All other prior crypto-currency efforts failed because, not because they were technically "inferior" (in the narrow sense of that word), but because they lacked the incentives necessary to attract a sufficient number of adopters.

I agree Bitcoin's approachability and incentive structure were crucial. The interesting question now: is Bitcoin sui generis (like say TCP/IP, and further cemented in place by network effects) or the harbinger of many similar systems (like say Napster/Gnutella)?

A lot of people were deterred from trying things in this sphere because of a (flawed) conventional wisdom that there was no room for success — that various academic attacks would be fatal, and social/institutional barriers too strong. But now that Bitcoin shows that an ugly "Minimum Viable Cryptocurrency" with the right balances/incentives can take off, we're already seeing lots of new interest and experiments.

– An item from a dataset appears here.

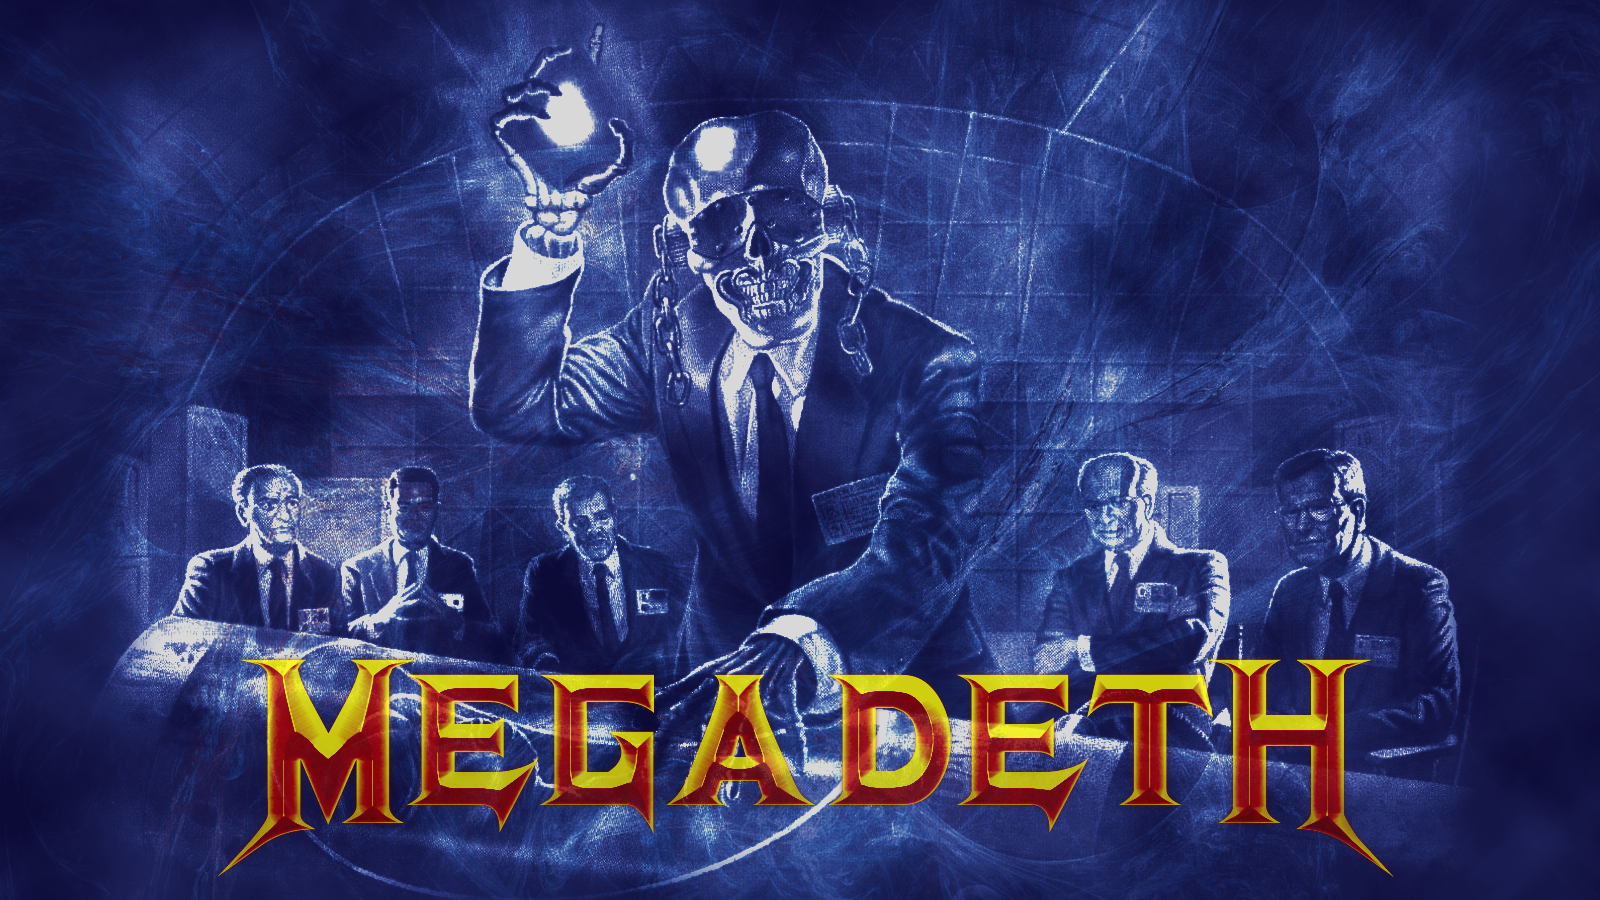 Megadeth Computer Wallpapers, Desktop Backgrounds | 1600x900 | ID ...
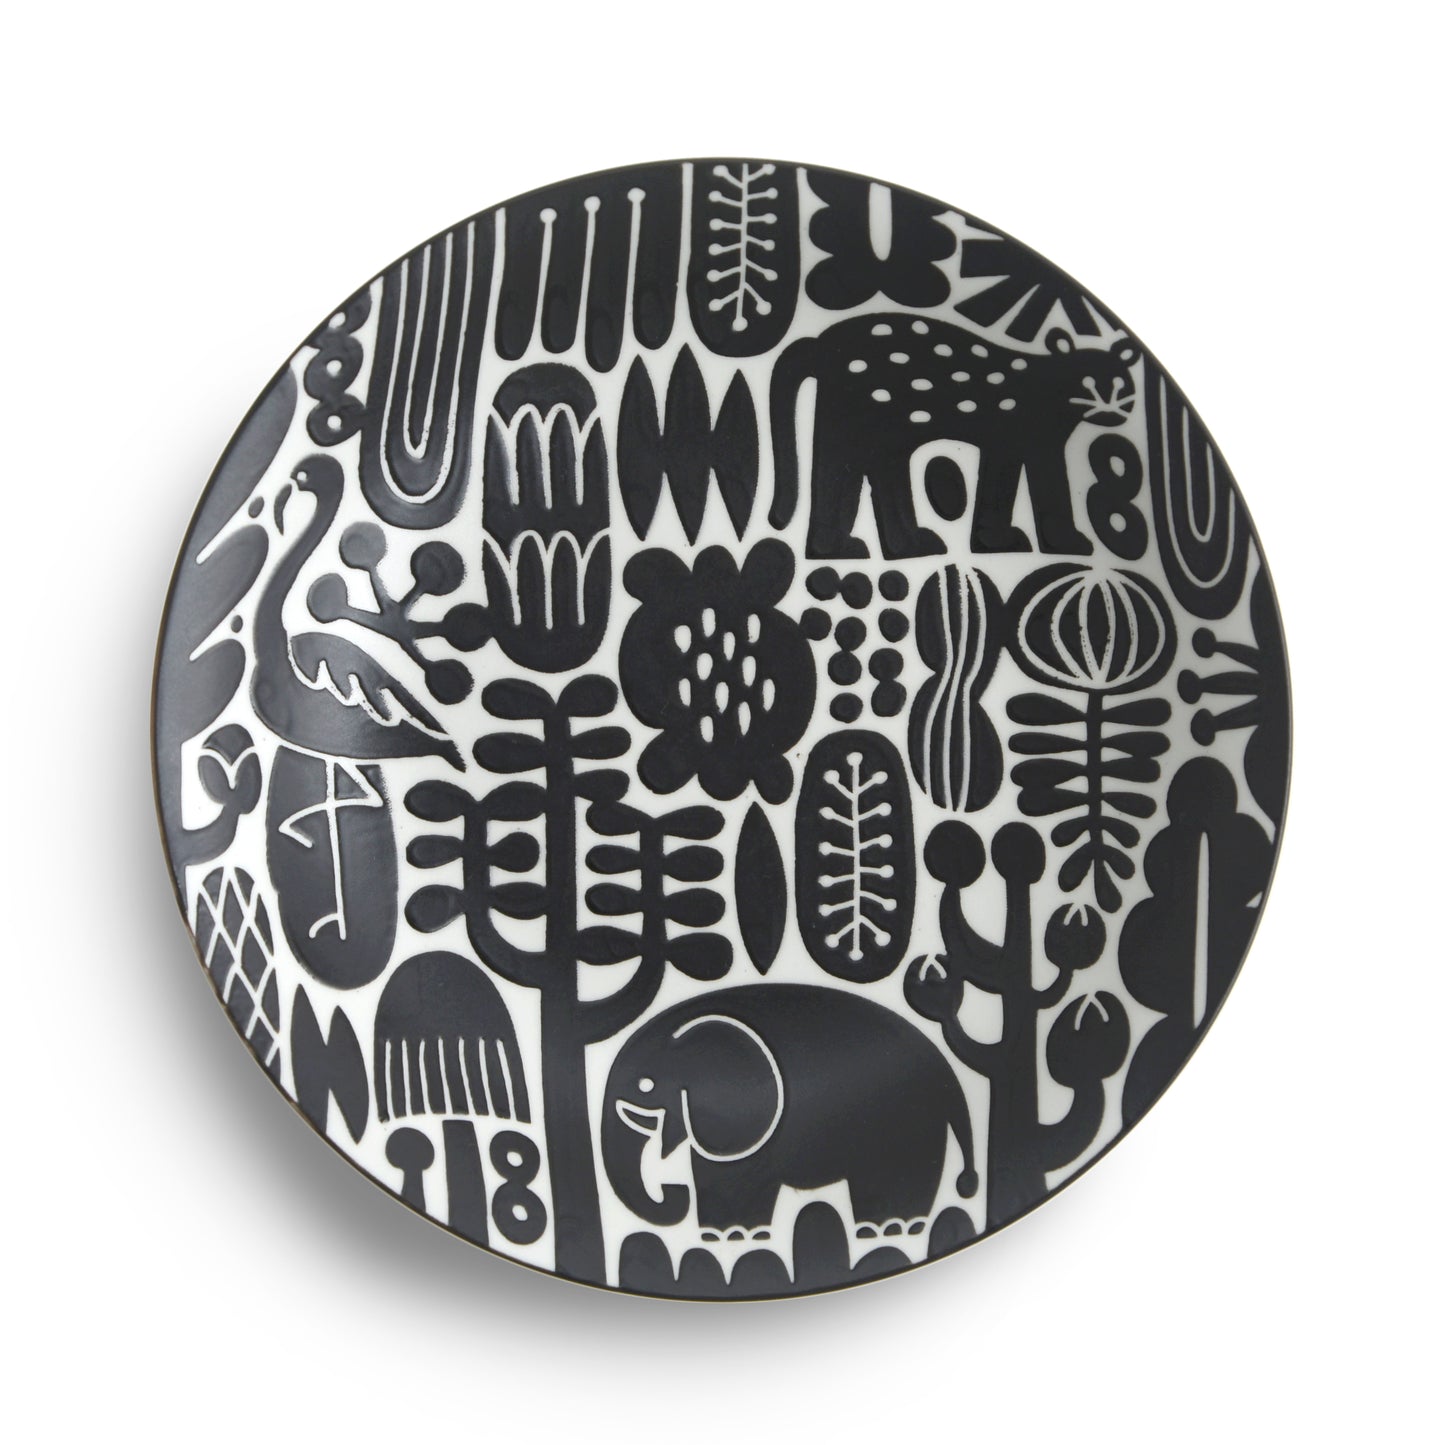 [natural69] [Utopia] [Dish] Hasami Yaki Round Plate, Dish, Sweet Dish, Plate, Animal Pattern, Stylish, Adult, Colorful, Cute, Natural 69

I strongly expect some of these will discover new workable tradeoffs, in some cases even better than Bitcoin's brilliant+lucky mix, that will then either coexist with Bitcoin in overlapping domains, or feed into the evolution of 'Bitcoin Prime'. Lots more fun ahead.

Bitcoin works because it's actually a sneaky way of teaching the world Hayekian monetary theory without all those extremely long translated German sentences with multiple subordinate clauses. Ever read "The Denationalization of Money"(http://mises.org/document/3970)?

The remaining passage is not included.